Task details: From the entries below, transcribe exactly the lines between the line holding "CC INTERIORS BELL" and the line holding "Yaounde. 9th Apr, 2020.", inclusive; skip all other lines.

Data to use:
——

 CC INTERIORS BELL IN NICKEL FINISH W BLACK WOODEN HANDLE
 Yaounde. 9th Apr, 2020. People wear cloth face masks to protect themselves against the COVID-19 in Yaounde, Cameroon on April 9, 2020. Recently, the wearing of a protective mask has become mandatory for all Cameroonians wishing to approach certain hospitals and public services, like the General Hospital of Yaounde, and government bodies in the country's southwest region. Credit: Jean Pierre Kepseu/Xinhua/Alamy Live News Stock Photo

——

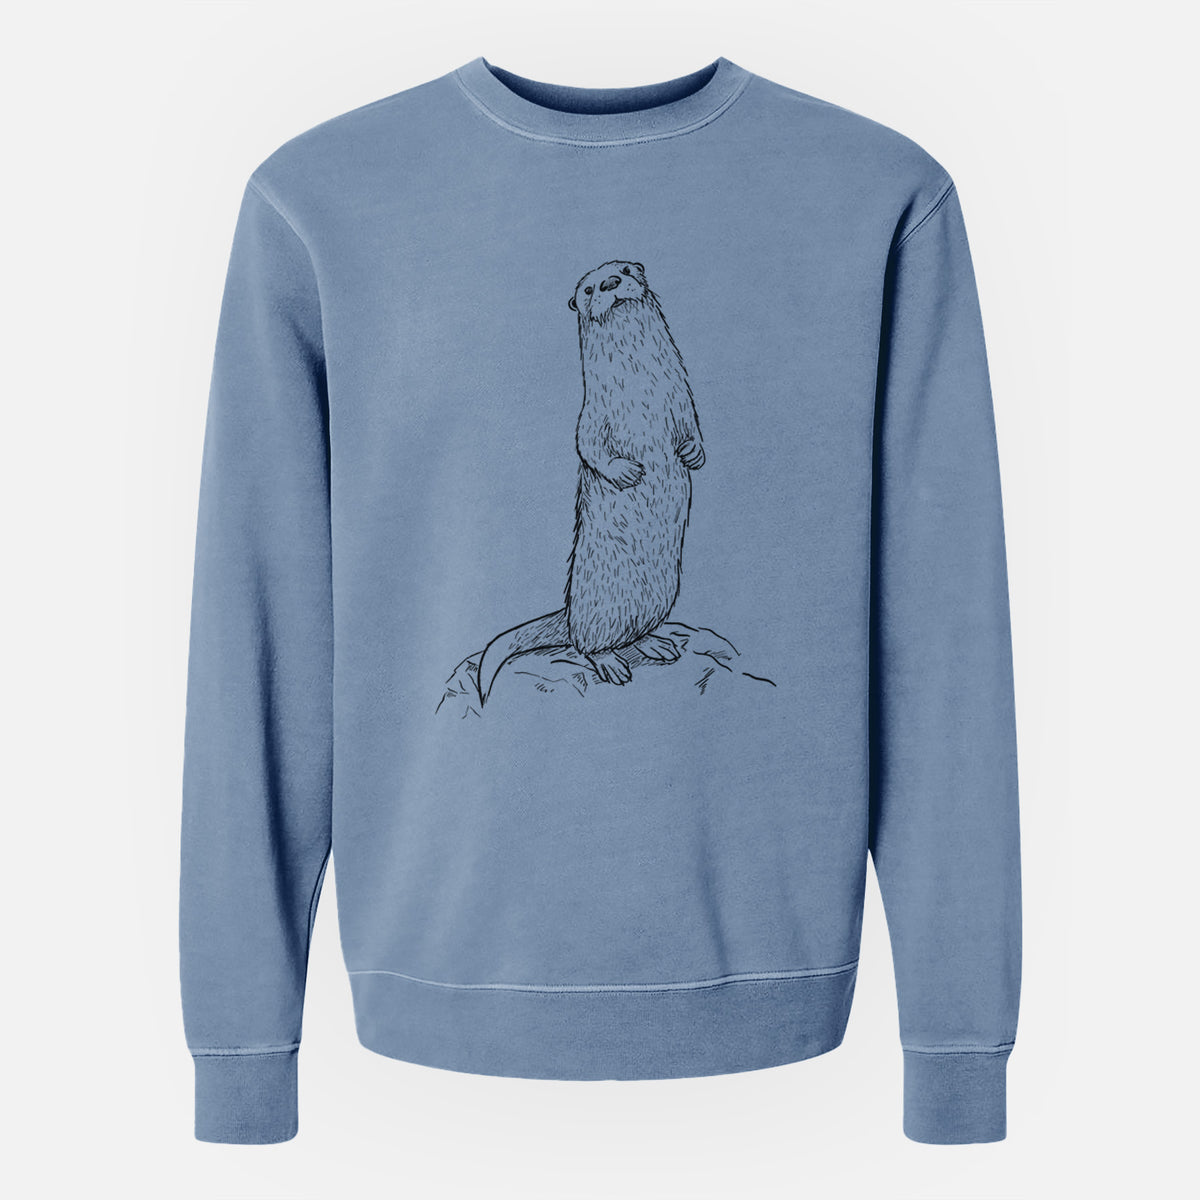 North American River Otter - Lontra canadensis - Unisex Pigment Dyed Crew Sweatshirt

——

Solved exercise:
 CC INTERIORS BELL IN NICKEL FINISH W BLACK WOODEN HANDLE
 Yaounde. 9th Apr, 2020. People wear cloth face masks to protect themselves against the COVID-19 in Yaounde, Cameroon on April 9, 2020. Recently, the wearing of a protective mask has become mandatory for all Cameroonians wishing to approach certain hospitals and public services, like the General Hospital of Yaounde, and government bodies in the country's southwest region. Credit: Jean Pierre Kepseu/Xinhua/Alamy Live News Stock Photo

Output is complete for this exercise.